American Airlines COO Claims Tech Worked During Meltdown, Denies Flight Attendants Slept In Airports—His CEO Disagrees

American Airlines Chief Operating Officer David Seymour went on the Airlines Confidential podcast this week to talk up his airline’s response to last week’s major storm. American was hit far harder than other airlines, cancelled far more flights – nearly 10,000 – and took much longer to recover.

Seymour’s message, three times during the interview was that the airline’s “technology worked.” He claimed that they didn’t “lose track of our crew members in our system” and he also claimed that no flight attendants were stuck sleeping in airports – despite what his airline’s CEO says, and what flight attendants themselves say.

Now, in terms of, you know, I’ve seen the media reports about crew members sleeping, but I’ve asked the team on multiple occasions because there’s a mechanism for which they sleep. have to, you know, they can report these issues.

I will tell you that our crew members probably waited for hotel rooms longer than normal under normal irregular ops situation. But over the course of that time, we secured 6,000 additional hotel rooms in our hub locations in advance, knowing that we would have some cancellations that we would have to get them hotel rooms. We went to a manual process and used that 1100 times to get hotel rooms for our crew members.

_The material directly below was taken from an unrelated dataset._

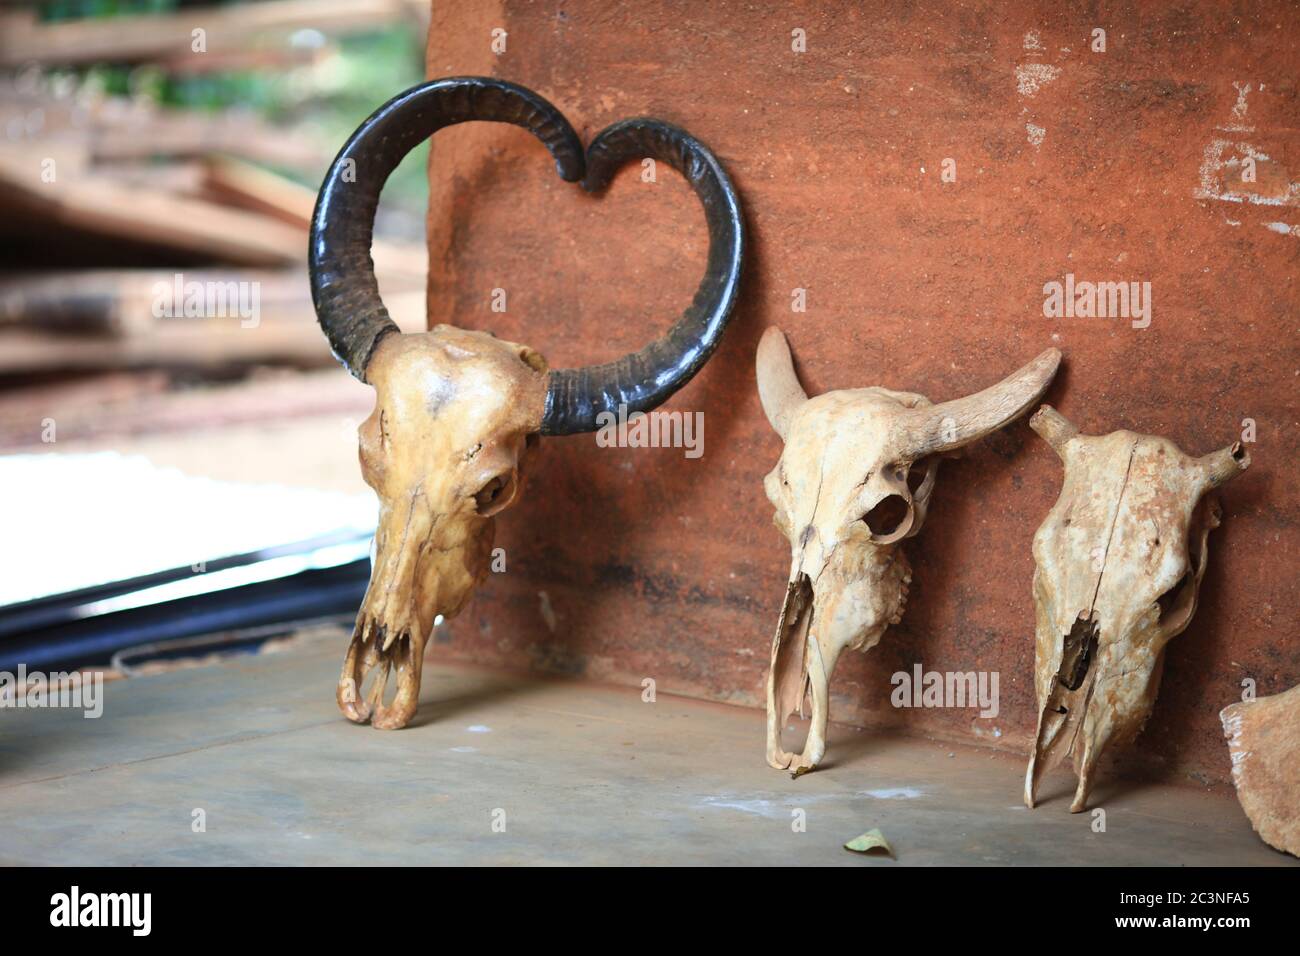 Knochen von Tieren. Trophäe des Vedda (veddha) Stammes von Sri lanka. Hergestellt in einem Dorf Stockfoto

…So I tell you, I haven’t seen the reports of them sleeping on floors and all that. I will tell you that they waited longer..to get, you know, the hotel rooms to get their new schedule, revised schedule. That’s sheer volume. But the fact that we came up as quick as we did once the storm had passed shows that we have the capability, but our technology worked as it should.

I’m not sure anyone but Seymour would characterize American’s recovery from meltdown as ‘quick’ but I’m genuinely having a hard time reconciling his comments with what employees went through over the course of the storm.

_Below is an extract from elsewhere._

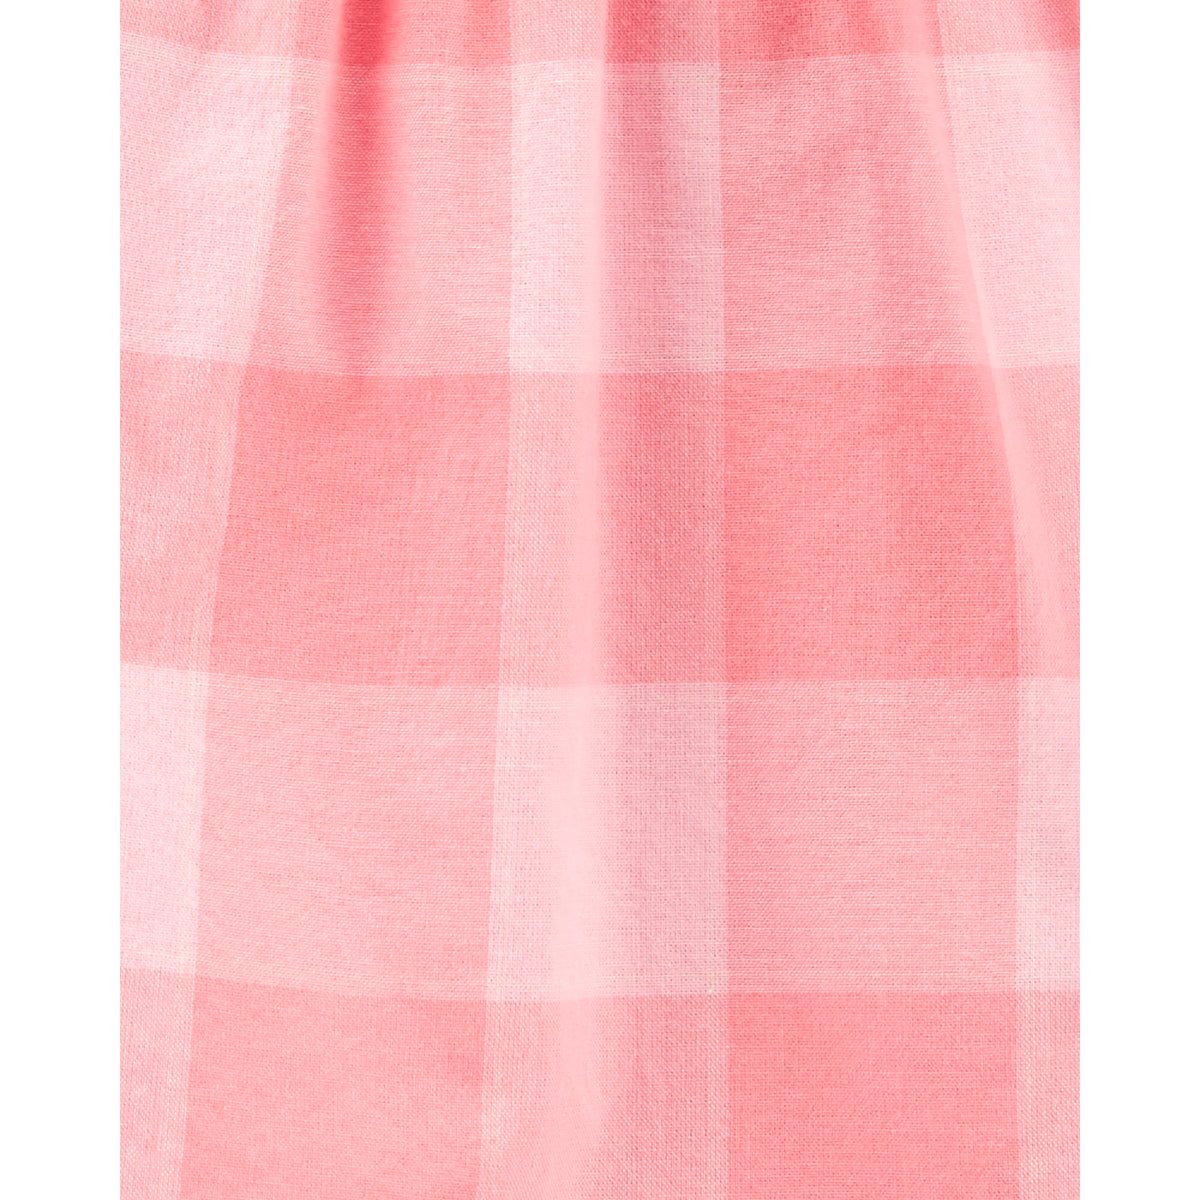 OshKosh pink plaid top (2T-5T)

Delta used to go long stretches without cancelling a flight – by simply ‘delaying’ a flight by 18 hours or three days. By the same logic, I suppose, flight attendants aren’t forced to sleep in airports if they eventually get a room 18 hours later?

Flight attendants did report sleeping in airports, because the airline didn’t have rooms for them. Pilots are comfortable coming out of pocket for a room and waiting to get reimbursed. Many flight attendants are not (or aren’t in a position to). And pilots often get priority.

They also reported not being able to get through to scheduling, the airline thinking they were in a different city than the one they were actually in, and being schedled to work flights that they weren’t legal for – pilots and planes with passengers were waiting on flight attendants, and operations didn’t seem to know that the flight attendants had been delayed hours getting into a hotel the night before so hadn’t yet had their legally-required rest.

American’s CEO – Seymour’s boss! – acknowledged flight attendants without a place to sleep in his remarks to employees after last week’s earnings call.

I know throughout the rest of our system, some of our crewmembers didn’t have a place to stay last night.

Here’s how the New York LaGuardia flight attendant base President describes things,

Flight Attendants were left without hotels, stranded for hours, sleeping in unsafe and unacceptable conditions, unable to reach Crew Scheduling, disconnected after hours on hold, and forced to navigate a collapsing operation with little to no support.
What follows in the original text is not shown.